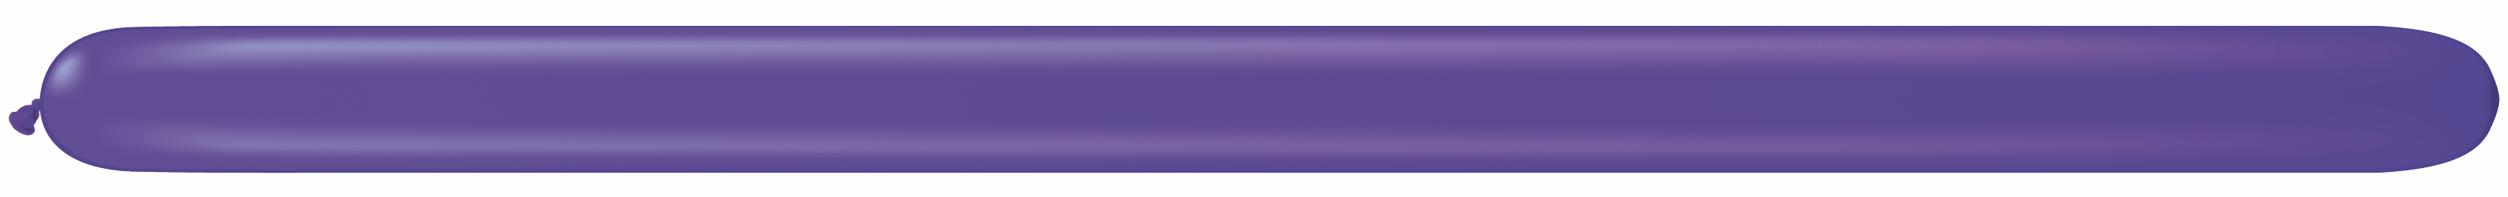 350Q Latex Balloons (100 Count) Purple Violet
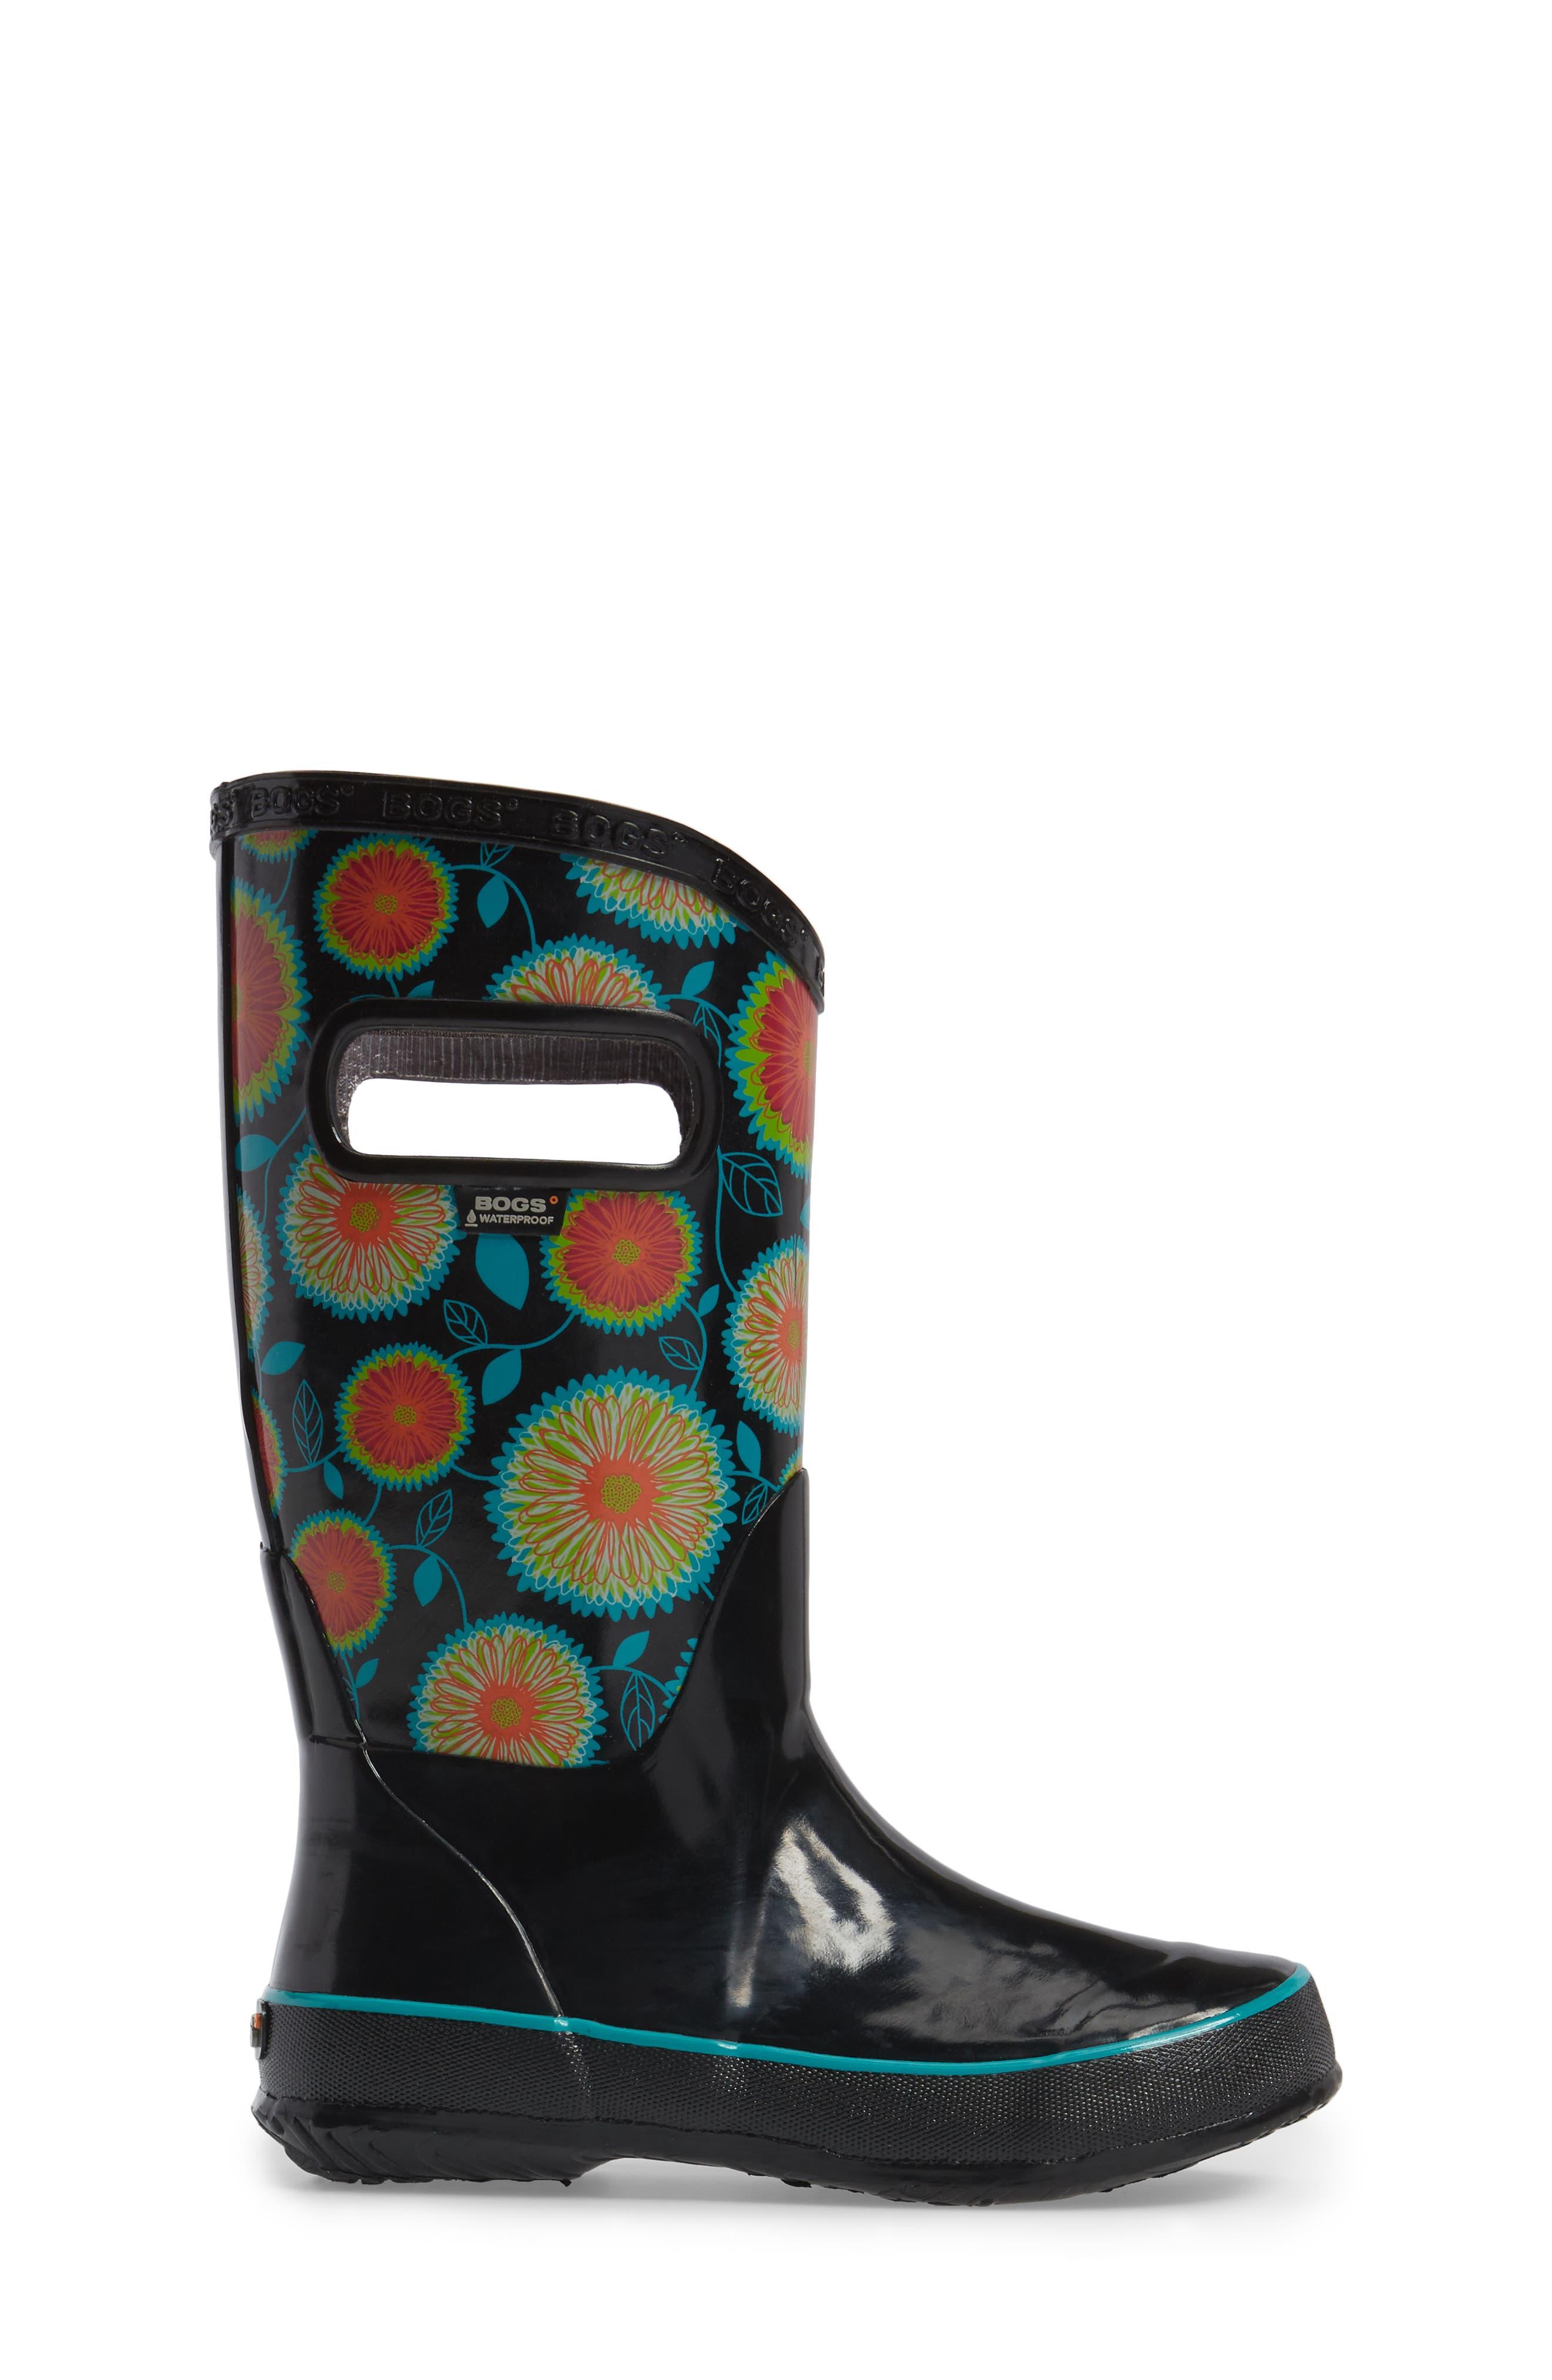 Wildflowers Waterproof Rubber Rain Boot,                             Alternate thumbnail 3, color,                             009
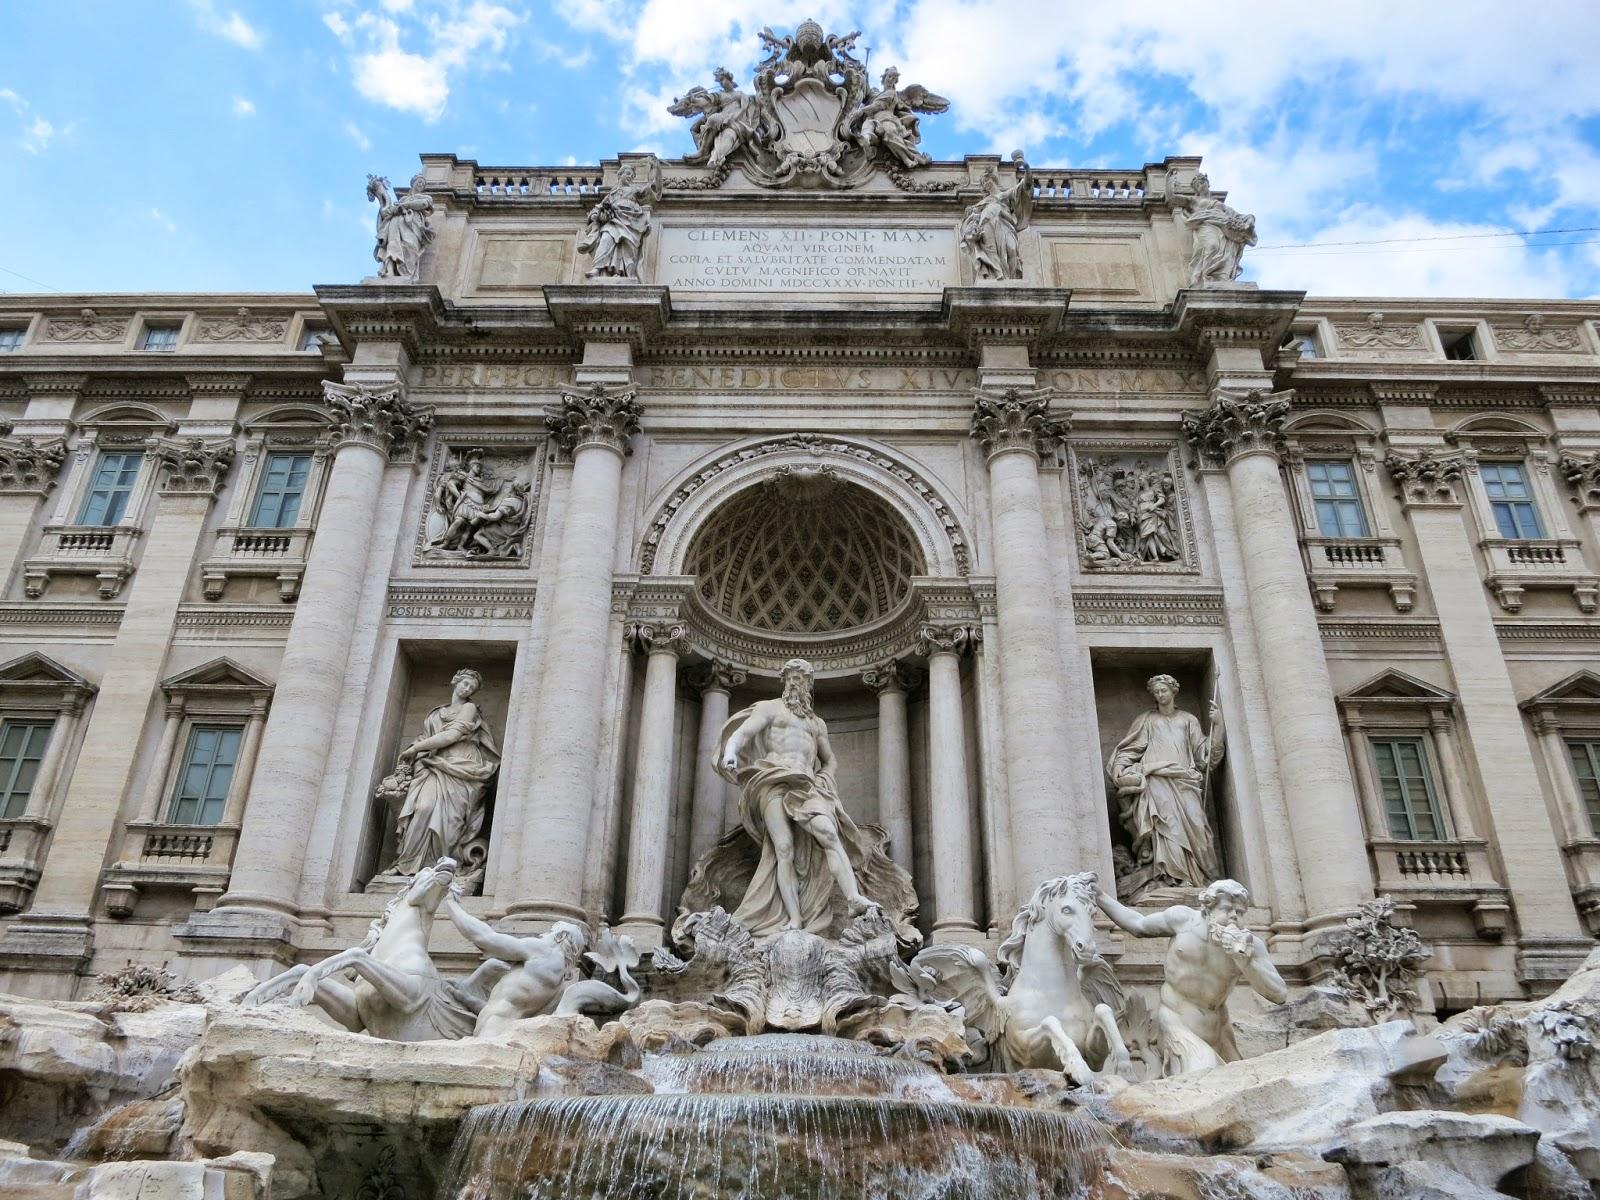 Leonardo旅遊小記: 義大利(2013/04/23)二 羅馬經典行 萬神殿(Pantheon)

• _EXERCISE DESCRIPTION_
Print out all the material word for word but exclude any images.

• _ANSWER BELOW_
 350Q Latex Balloons (100 Count) Purple Violet
 Wildflowers Waterproof Rubber Rain Boot,                             Alternate thumbnail 3, color,                             009
 Leonardo旅遊小記: 義大利(2013/04/23)二 羅馬經典行 萬神殿(Pantheon)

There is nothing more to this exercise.